In January 2013, at the time of closing arguments, the defence made an application to the tribunal asking that it direct the museum to produce the original document. A copy of a photograph of Momena’s statement was appended to the application.
The tribunal rejected the request saying that the ‘photographed copy’ of the alleged document would though ‘be taken into due notice at the time of passing our final verdict.’
The tribunal’s judgment does mention the statement but held that it could not be used to consider the credibility of Momena as the copy given by the tribunal had not been authenticated, that they had not been given to the court as part of the defence papers earlier in the proceedings, and it had not been subject to judicial questioning and scrutiny.
‘Inaccuracies or inconsistencies between the content of testimony made under solemn declaration to the Tribunal and their earlier statement made to any person, non-judicial body or organisation alone is not a ground for believing that the witnesses have given false testimony,’ the tribunal stated in its judgment.
In the appellate division, the tribunal supported its decision not to recall Momena to be re-examined on the Jallad Kanna statement. Justice Sinha stated: ‘I want to point out here that there is no scope on the part of a tribunal to consider extraneous facts to bring those facts in its judgement which are not legally admitted into evidence.’]
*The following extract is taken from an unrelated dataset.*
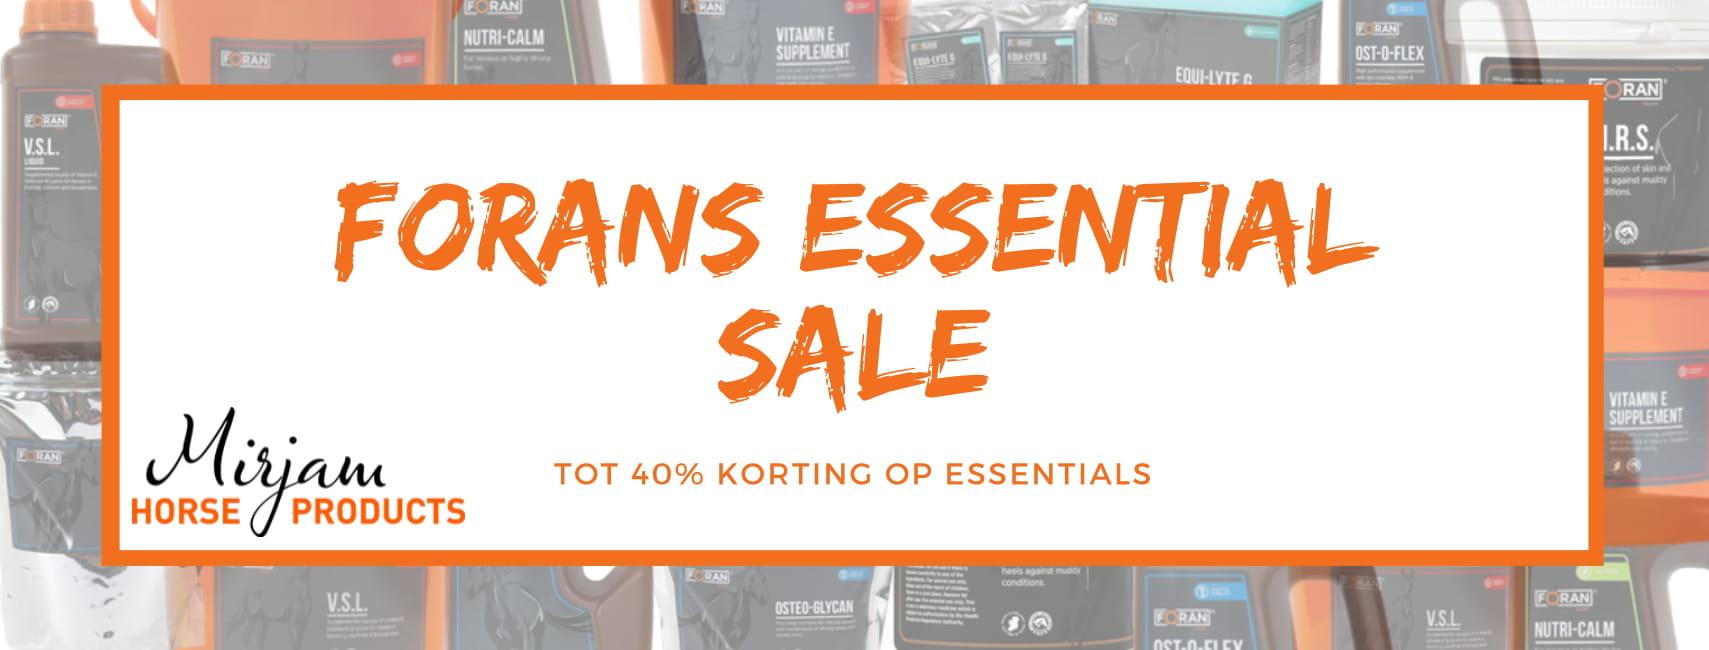 Maak kennis met Foran's Essentials

1. The review was maintainable – i.e could be heard by the appellate division
2. That it has been show that there was ‘an error apparent on the face of the record’
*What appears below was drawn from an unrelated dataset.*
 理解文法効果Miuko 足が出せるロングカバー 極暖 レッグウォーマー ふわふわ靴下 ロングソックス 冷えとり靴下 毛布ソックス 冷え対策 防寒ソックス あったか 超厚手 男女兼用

3. If petition is denied, then, the court should take into account Article 104 and its ability to pass orders for ‘complete justice’
4. That around the world it is now accepted that accepted that one should not take a life
The Attorney General was asked if he wanted to respond and he said no.
Final order
There was a short adjournment and the court then came back and said that both of Molla’s applications were ‘dismissed’ . There were no observations.